Spent 2 hours debugging CSV import. Turns out Excel added invisible characters.

#python #csv #debugging #data

Spent 2 hours debugging CSV import. Turns out Excel added invisible characters.

Client sent me a CSV file yesterday. Simple product list with prices. Import it into my Python script and half the rows fail validation.

Opened the CSV in a text editor. Everything looks fine. Columns are there. Data looks clean. Run the script again. Same errors.

What broke

My script was parsing product prices like this:

import csv

with open('products.csv', 'r') as f:
    reader = csv.DictReader(f)
    for row in reader:
        try:
            price = float(row['Price'])
            print(f"{row['Product']}: ${price}")
        except ValueError:
            print(f"Failed: {row['Product']} - Bad price: '{row['Price']}'")
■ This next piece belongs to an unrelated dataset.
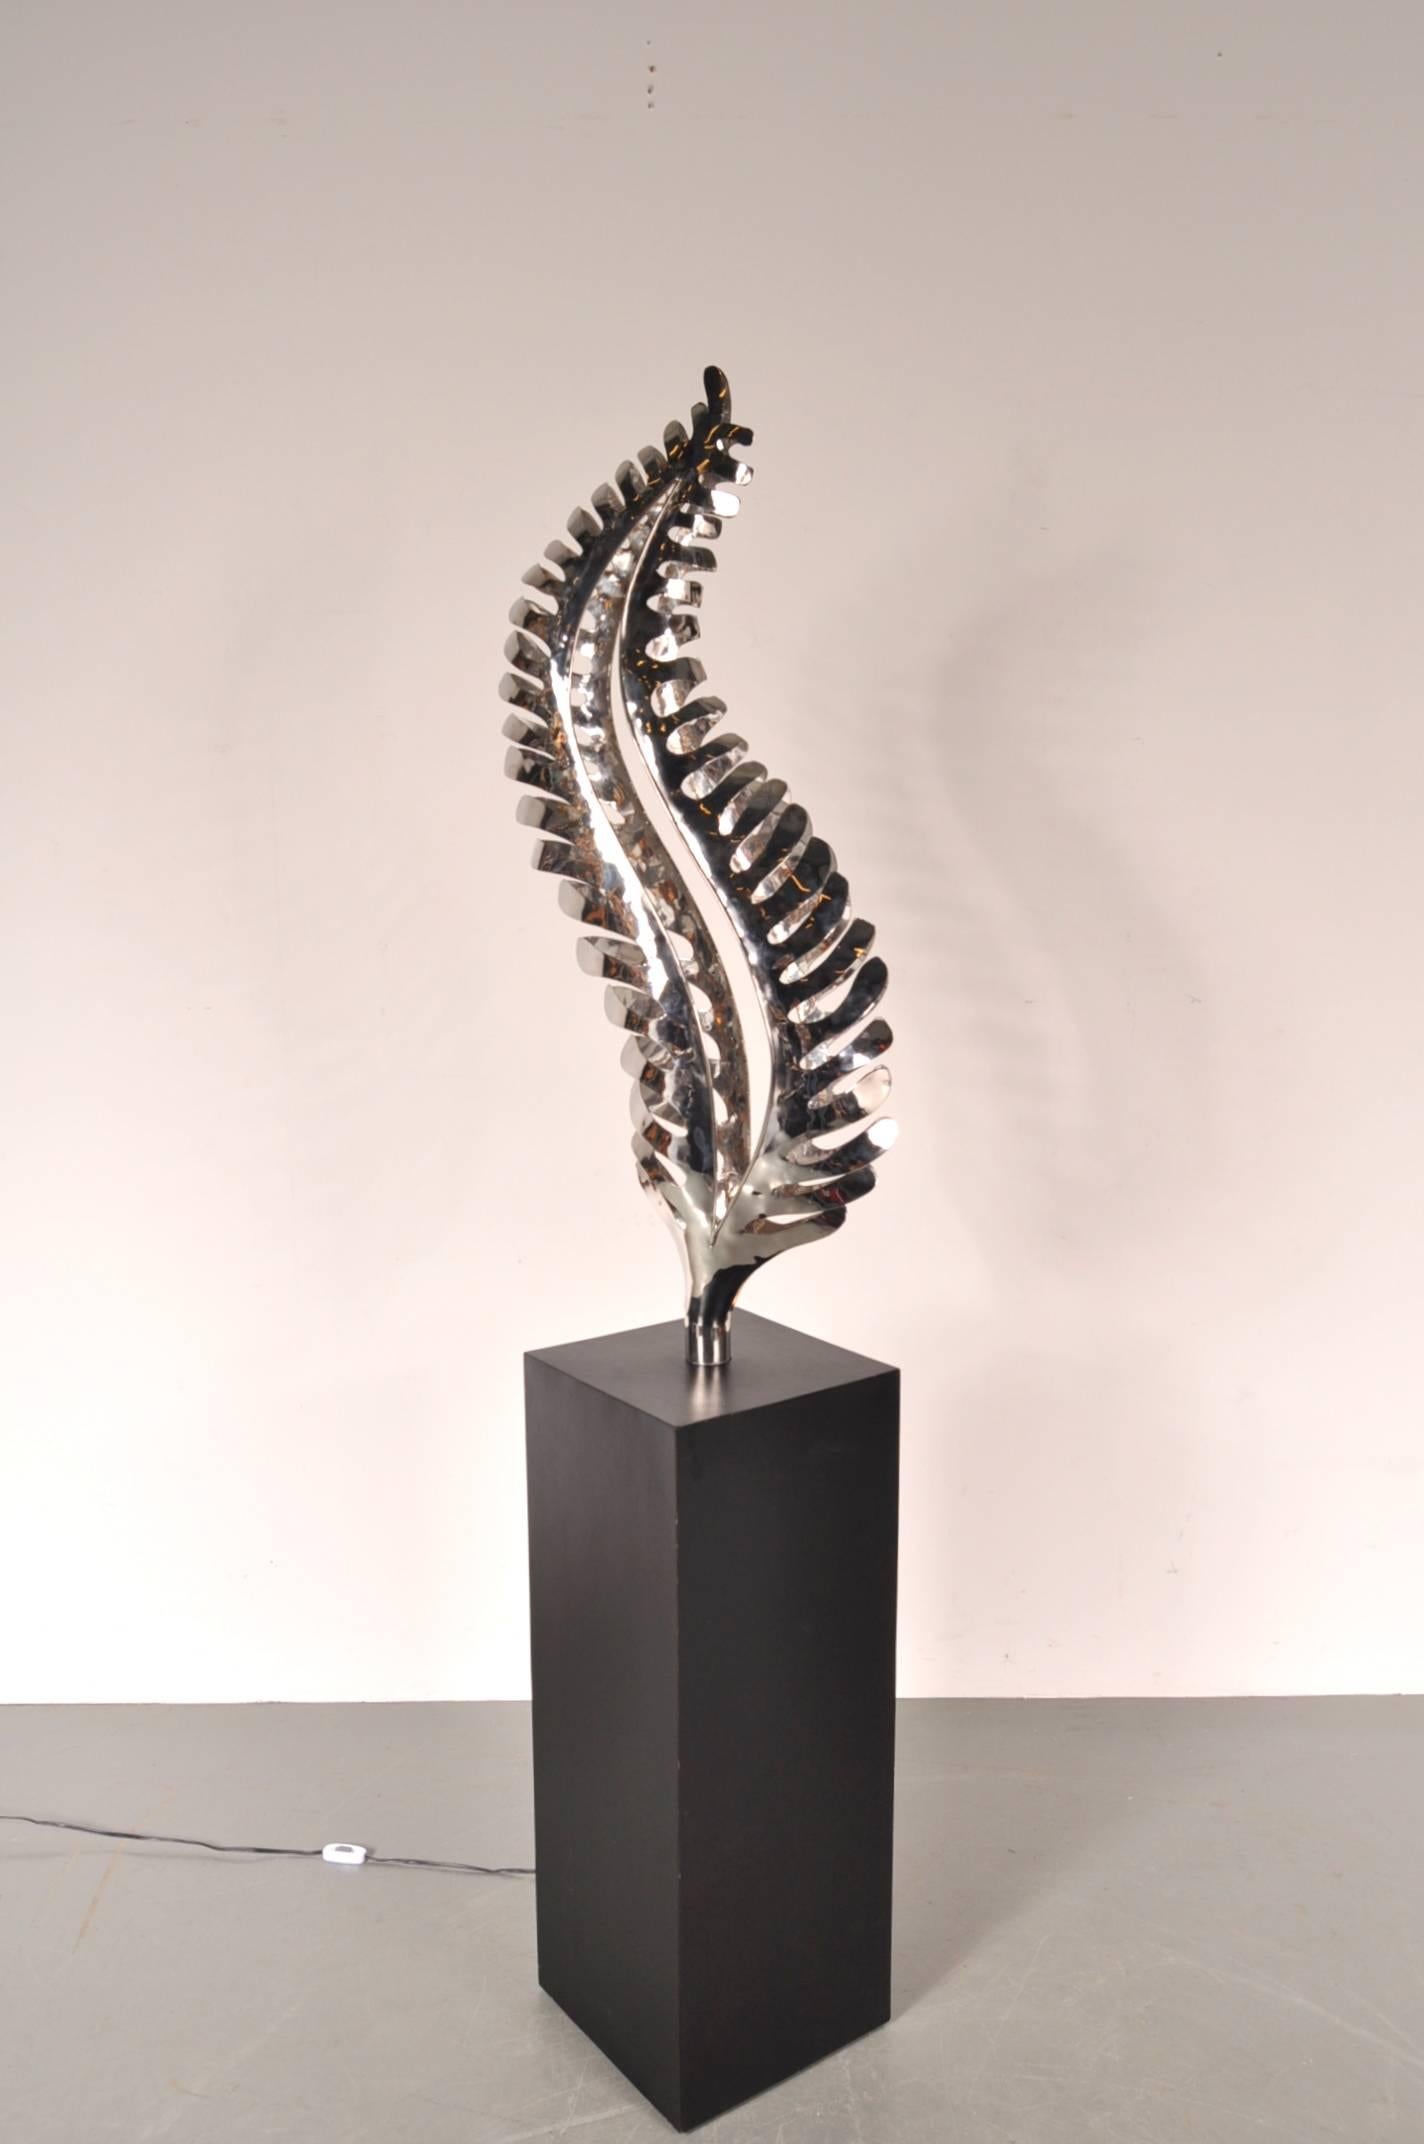 Superbe sculpture en métal chromé avec lumière intégrée, conçue aux Pays-Bas, vers 1980.

La sculpture repose sur une base en bois noir, qui contraste joliment avec le chrome dont est faite la pièce. La sculpture a la forme d'une grande feuille,

Output showed weird stuff:

Product A: $19.99
Failed: Product B - Bad price: '29.99'
Product C: $39.99
Failed: Product D - Bad price: '49.99'

The prices that failed looked identical to the ones that worked. Copy pasted them into the Python REPL. Worked fine there.

Fun.

Figured it out eventually

After way too long staring at this, I hexdumped the CSV file:

hexdump -C products.csv | head -20

Found this:

00000030  50 72 6f 64 75 63 74 20  42 2c ef bb bf 32 39 2e  |Product B,...29.|
00000040  39 39 0d 0a 50 72 6f 64  75 63 74 20 43 2c 33 39  |99..Product C,39|

See those ef bb bf bytes? UTF8 BOM (Byte Order Mark). Excel loves adding these to the start of fields when you export to CSV. Invisible in text editors. Breaks everything.

The failing prices had BOM characters prepended. So float() choked on them because technically the string was \ufeff29.99 not 29.99.

Fix

Strip the BOM when reading:

import csv

with open('products.csv', 'r', encoding='utf-8-sig') as f:
    reader = csv.DictReader(f)
    for row in reader:
        price = float(row['Price'])
        print(f"{row['Product']}: ${price}")